Med Ball Sit-Up Throws
• Assume Sit-Up position with partner in front
• Perform controlled Sit-Up after receiving ball overhead from partner
• Throw ball back to partner from overhead as you return to start position
Longoria: You want to pull from your lower abs. That’s where you see a lot of athletes get injuries, or with a pulled groin, because they’re not working those muscles. It all comes back to having that ability to be flexible and be strong through there. When you receive the med ball overhead, control that med ball all the way down. Don’t let the med ball pull you back.

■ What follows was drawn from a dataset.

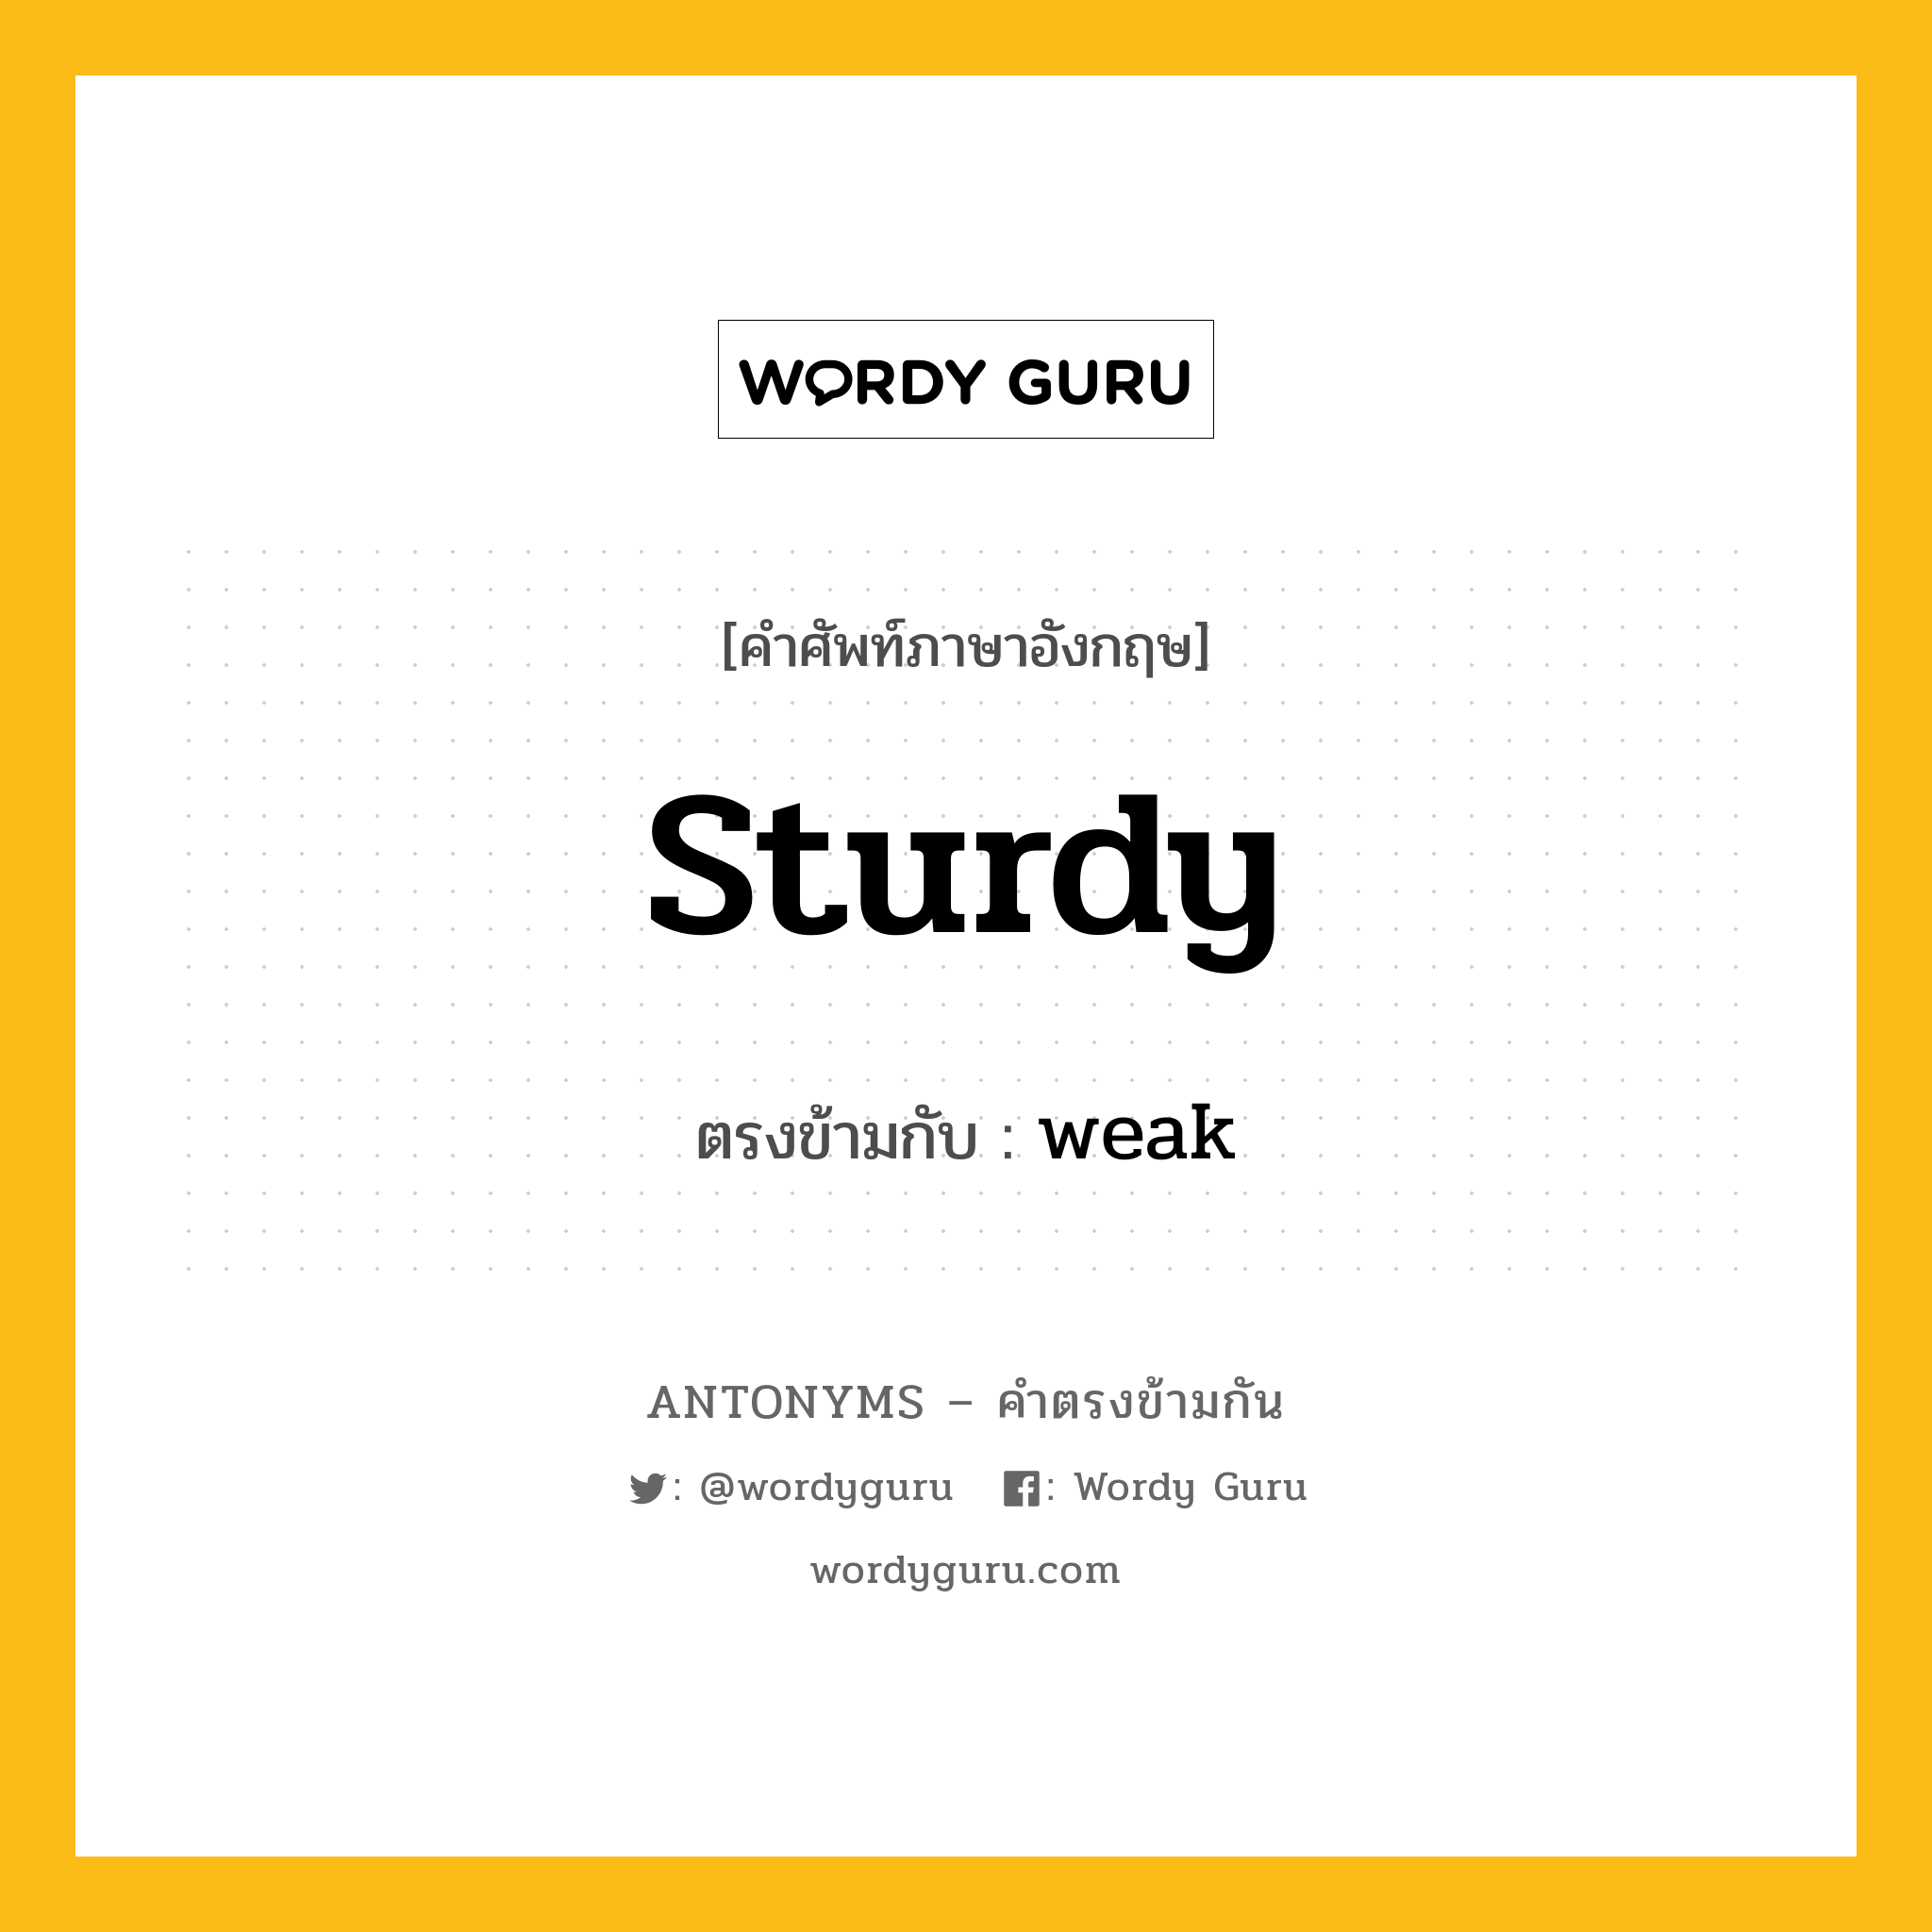 sturdy เป็นคำตรงข้ามกับคำไหนบ้าง?, คำศัพท์ภาษาอังกฤษ sturdy ตรงข้ามกับ weak หมวด weak

To stay healthy and strong throughout the season and supplement the power he’s developed in his core and legs, Evan works on building a foundation of pure strength (watch a video from Evan Longoria’s spring training workout and see how he builds core strength for baseball). “My main goal this off-season was to prepare my hamstrings and my glutes,” he says. “I had a little hamstring injury last year, so that was a big focus for me this off season, getting my hamstrings, glutes and low back as strong as I could. Along with the rotational stuff for baseball, you’re always in a squatting position. So, you always want to incorporate some sort of Squat exercise.”
Weighted Bulgarian Squat
• Wearing weight vest, assume split stance with rear foot elevated on bench or box
• Keeping chest up and front knee behind toes, squat down until front knee is bent 90 degrees
• Drive through front heel to return to start position
• Repeat for specified reps; perform set with opposite foot forward
Sets/Reps: 2×10 with light weight for explosion // 3×5 with heavier weight for strength and mass
Longoria: This is an isolated squat that really works the glute and hamstring muscles. Keep a tight upper body and core muscles intact, and really let your legs do most of the work. Focus on sitting back into the squat, and let the glutes and hamstrings take the brunt of the weight. Start with a lighter weight and progress to a more difficult weight once your legs and back are ready for it.